EXERCISE PROMPT:
Pictures are not part of the answer. Return the lines from the one containing "激しくも切ないピアノバラードの再生済みの波形" through the end of the data, both included, exactly as they appear.

[DATA PROVIDED Boundary: Start]

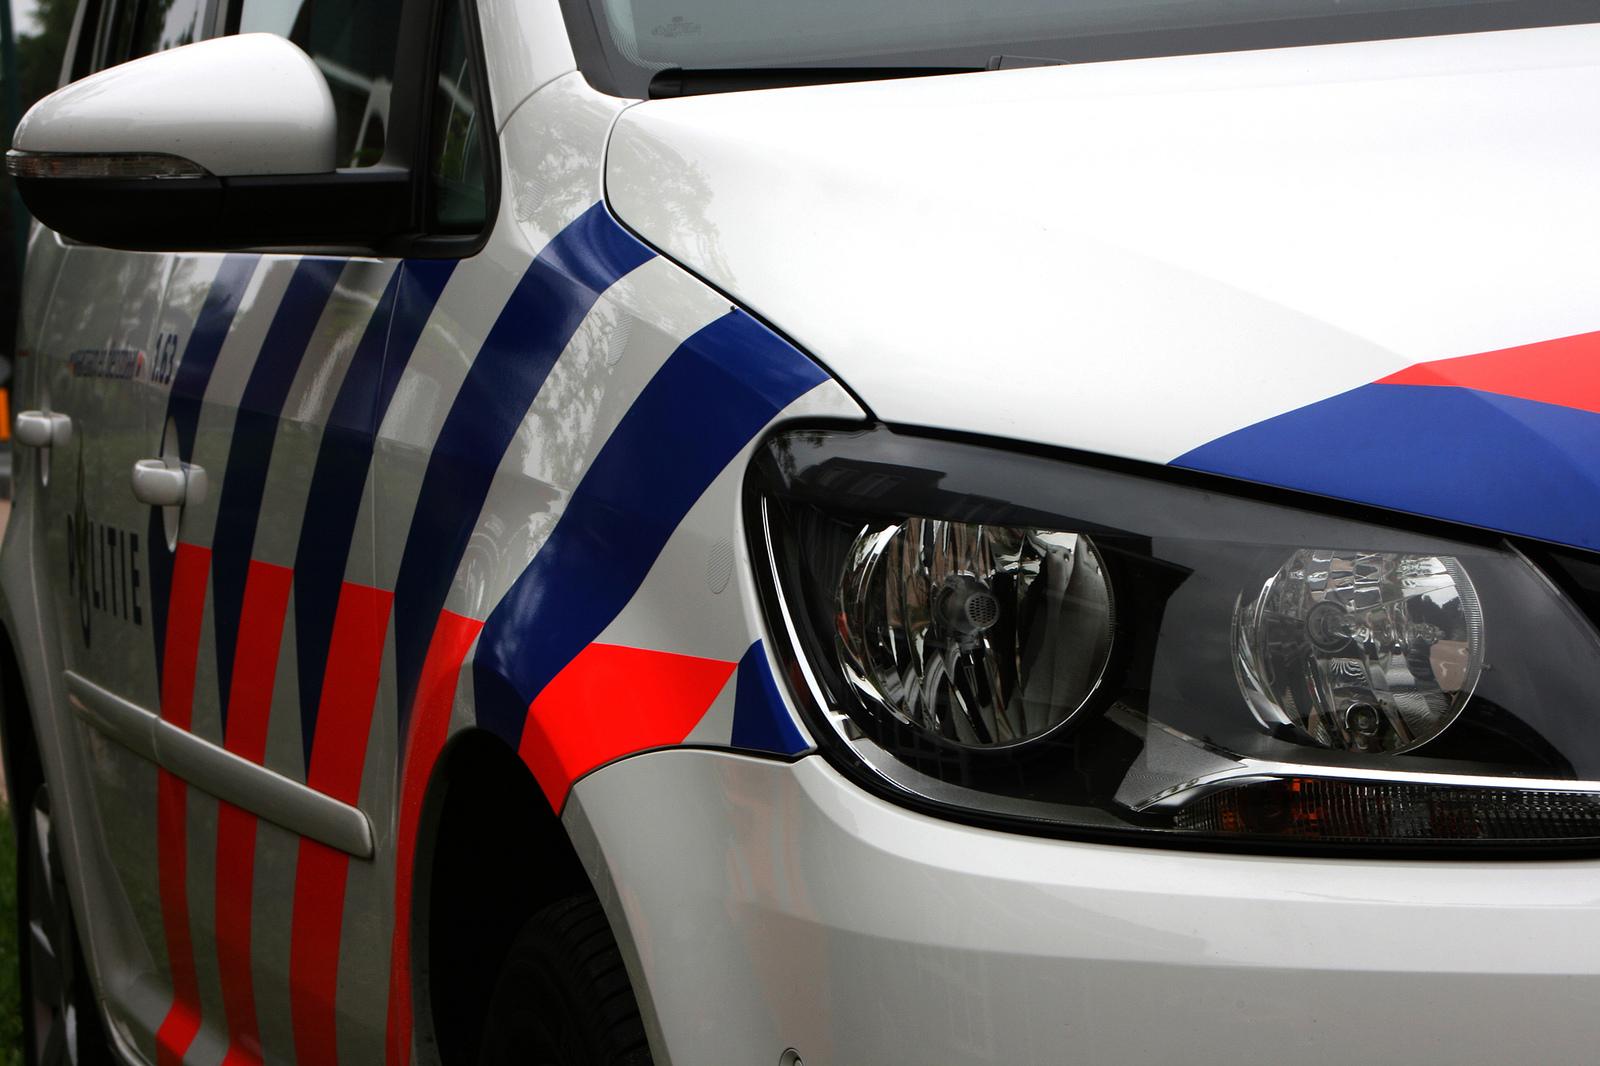 Leden van motorclub Hardliners uit Hoorn, Zwaag en Opmeer aangehouden - OnsWestfriesland.nl
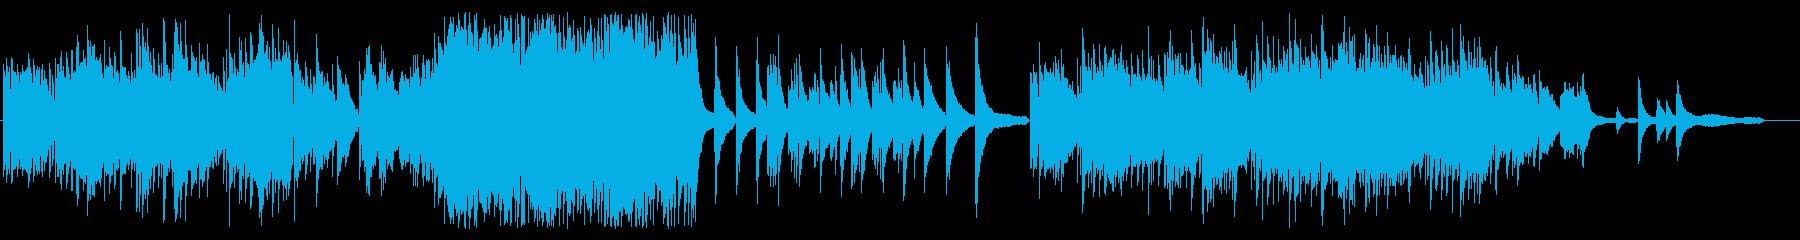 激しくも切ないピアノバラードの再生済みの波形
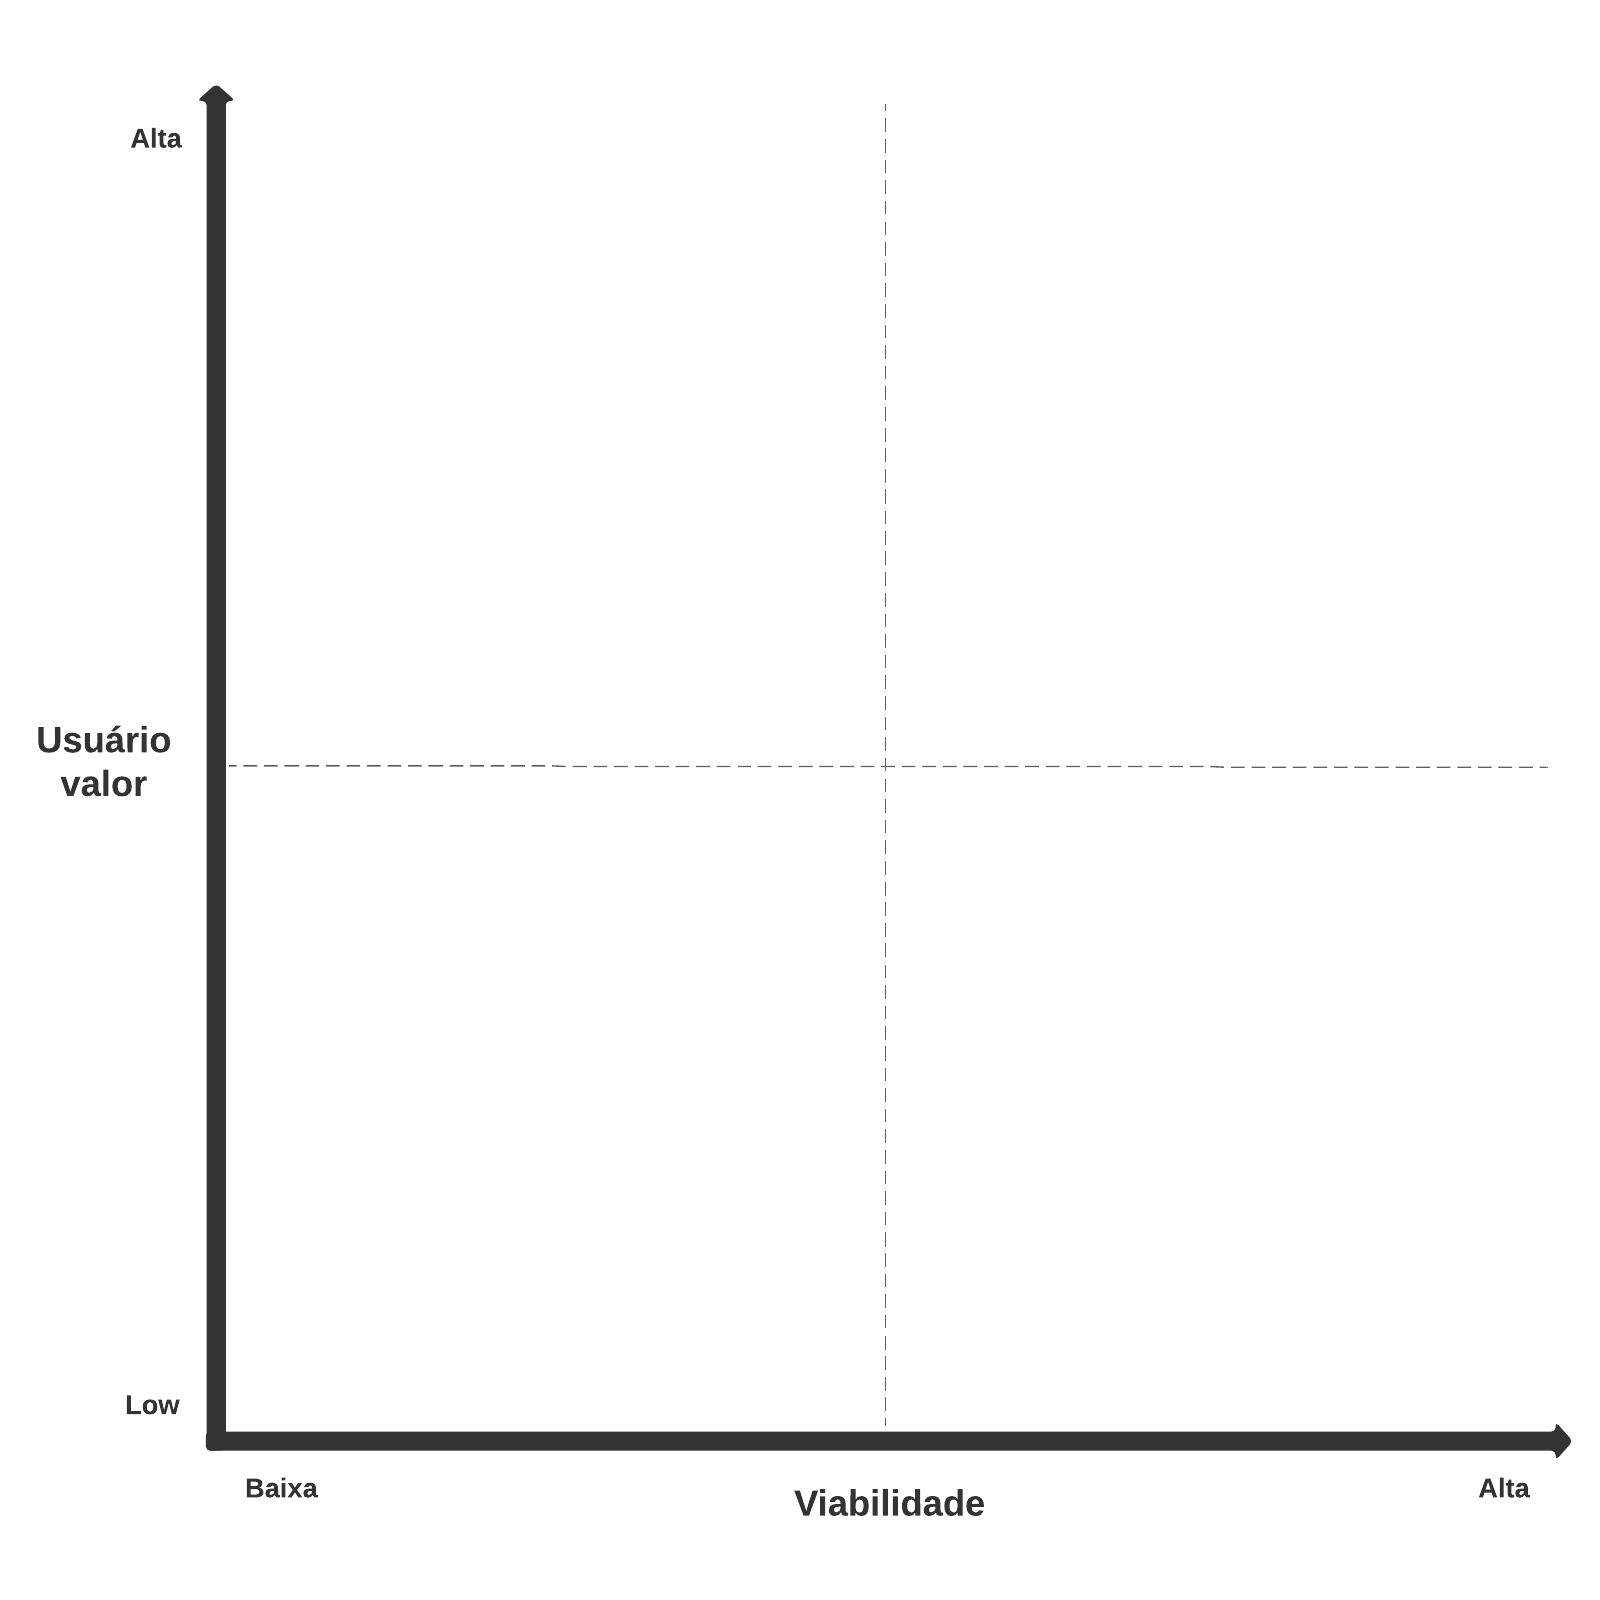 Gráfico de quadrantes cartesiano

[DATA PROVIDED Boundary: End]

TASK RESULT:
 激しくも切ないピアノバラードの再生済みの波形
 Gráfico de quadrantes cartesiano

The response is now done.